# Dubbel werkwoord als één concept (laten zien, ...)



## ThomasK

Het lijkt mij dat Nederlands (en Engels, Duits, ...) bepaalde begrippen kunnen uitdrukken met dubbele infinitieven, die als zodanig - lijkt mij - een apart lemma zouden kunnen vormen en die soms door één werkwoord vervangen/uitgedrukt kunnen worden. Ik denk aan: _*laten zien* _(tonen), _*laten zitten* _(soms: verlaten),* laten weten *(signaleren),_* laten verstaan*_ (insinueren, ...), _*leren kennen* _(kennismaken/...[één woord?]).

Er zijn andere vaste combinaties (collocaties?) die voor NT2-studenten interessant kunnen zijn omdat ze zo idiomatisch zijn.  Ik denk aan:_ gaan zitten/liggen _misschien_ blijven zitten/liggen_, _even kijken_ (have a look), ...

Zien jullie er nog andere, die in de eerste categorie zouden passen (of in de tweede)?


----------



## eno2

horen zeggen/vernomen.

Ik heb het van horen zeggen betekent toch niet hetzelfde als ik heb het vernomen, dat meerdere betekenissen bezit.



> 1 met het gehoor waarnemen= horen
> 2 te weten komen, geïnformeerd worden



Ik heb het voelen aankomen

Ik heb staan kijken.

Ik heb liggen denken.

Het ziet er naar uit dat buiten de zintuiglijke sfeer de voorbeelden moeilijker  te vinden zullen  vallen. (Meteen DRIE INFINITIEVEN  op een rij) .


----------



## ThomasK

Inzake _Ik heb XXX horen zeggen_: je hebt gelijk dat 'ik heb horen zeggen' niet perfect hetzelfde is als 'vernemen' (2), maar ik zie het als verwante begrippen.

_Voelen, staan, liggen_, ...: die kunnen we met héél véél werkwoorden orden gecombineerd en zijn daarom volgens mij meestal niet idiomatisch - en dus hier minder interessant.

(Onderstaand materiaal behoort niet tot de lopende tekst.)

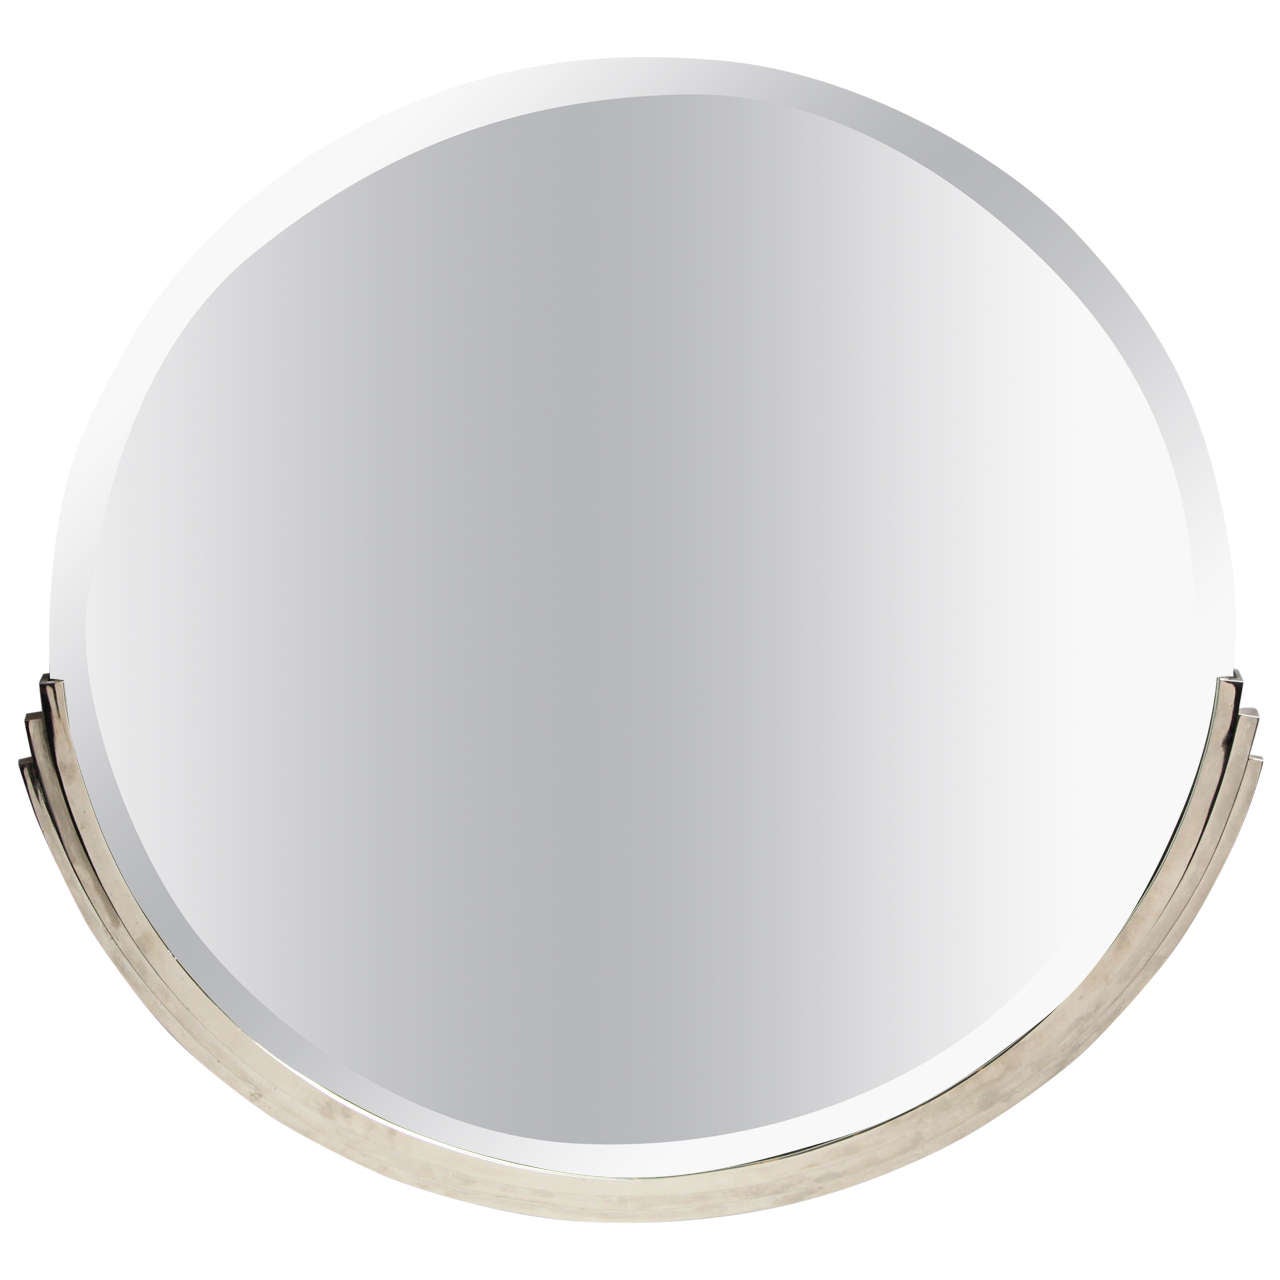 Modernist Round Wall Mirror

Maar er zijn er een aantal als "*laten vallen'*" (drop), mogelijks "*voelen aankomen*", die volgens mij al niet meer zo letterlijk te interpreteren zijn en dus idiomatischer zijn. "_Te vinden zijn_" lijkt mij een andere categorie, maar ik zie het ook als een idiomatisch word.


----------



## Red Arrow

Vergeet ook niet zitten blijven / blijven zitten in de betekenis van 'niet naar het volgende schooljaar gaan'.


----------



## ThomasK

Je hebt gelijk!!!

BTW: het gebruik van 'blijven' (_blijven liggen, blijven zitten_, ..., als zodanig) in het Nederlands is ook vaak nieuw voor anderstaligen...


----------



## eno2

Zitten blijven kan wel een bevel zijn....
Blijven zitten ook.


----------



## ThomasK

Natuurlijk, en dat lijkt mij een tweede betekenis. iets als 'niet opstaan'.


----------



## ThomasK

Ik denk dat ik er nog een heb: "*laten vallen*" (to drop)...

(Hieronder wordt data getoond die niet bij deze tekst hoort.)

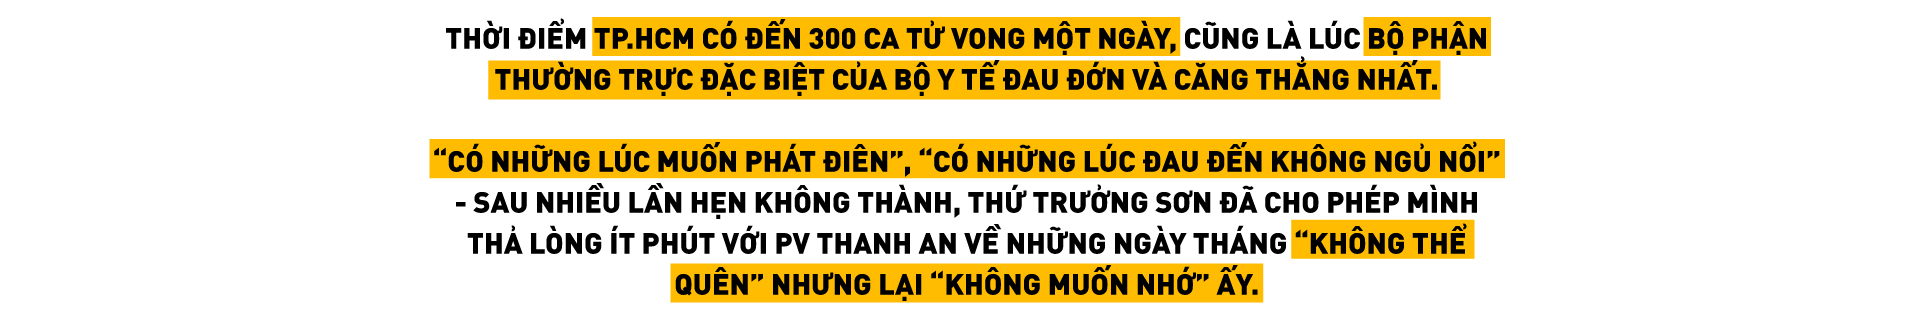 Thứ trưởng Bộ Y tế Nguyễn Trường Sơn: “Có lúc cả bộ phận thường trực ngồi khóc với nhau - Ảnh 1.

Eventueel: "zich laten vertellen hebben" (een soort 'vernemen', maar toch...), "laten lopen/ draaien" (bv. een opname), ... Maar ik aarzel hierbij.


----------



## Hans Molenslag

Was _komen opdagen_ al genoemd?


----------



## ThomasK

Nee, maar ik aarzel een beetje omdat het maar een variant lijkt van "opdagen". Het lijkt mij geen specifieke betekenis te hebben in vergelijking met "opdagen".

Ik dacht ook nog aan "laten staan" en "laten liggen", die in het Engels gewoon vertaald worden als "leave", maar ze lijken mij te weinig specifiek, te weinig apart qua betekenis...


----------



## Hans Molenslag

ThomasK said:


> Het lijkt mij geen specifieke betekenis te hebben in vergelijking met "opdagen".


Jawel, zie discussie van een aantal dagen terug. _Opdagen_ heeft één vaak voorkomende betekenis die met _komen_ wordt gecombineerd en een paar minder gebruikelijke betekenissen die zonder _komen_ worden gebruikt.


----------



## ThomasK

Je kan gelijk hebben. Ik bekijk het nog even!


----------



## ThomasK

Deze vond ik ook nog, vermoedelijk nog niet vermeld:
- het (niet) zien zitten
- laten staan (zitten)


----------



## eno2

Geboren zien worden....



Nee, dat is niet 'één concept'. Sorry.


----------



## ThomasK

Ik dacht wel even aan "zien liggen/staan/...", vermoedelijk synoniem van "opmerken"... Ben niet heel zeker of dat in een categorie past met "laten vallen".


----------



## eno2

Zien komen, zien gaan, zien worden, zien doden. Het zijn in elk geval allemaal vervangende infinitieven


----------



## ThomasK

Akkoord met je laatste term, maar ik zou mijn combinaties toch nog onderscheiden van de jouwe, al blijf ik met onzekerheid. Ik zoek naar een criterium: de jouwe zou je volgens mij letterlijk kunnen vertalen in het Engels, de mijne niet. Lijkt dat steek te houden?


----------



## eno2

De jouwe vormen een subcategorie  vanwege de eis ze door éen begrip te kunnen vervangen  . 
In feite heeft het ene niet met het andere te maken. (Als ik het goed heb.)


----------



## ThomasK

Nee, maar mijn vraag ging wel over dubbele verba (dubbele inf. ook) die één concept vormen.


----------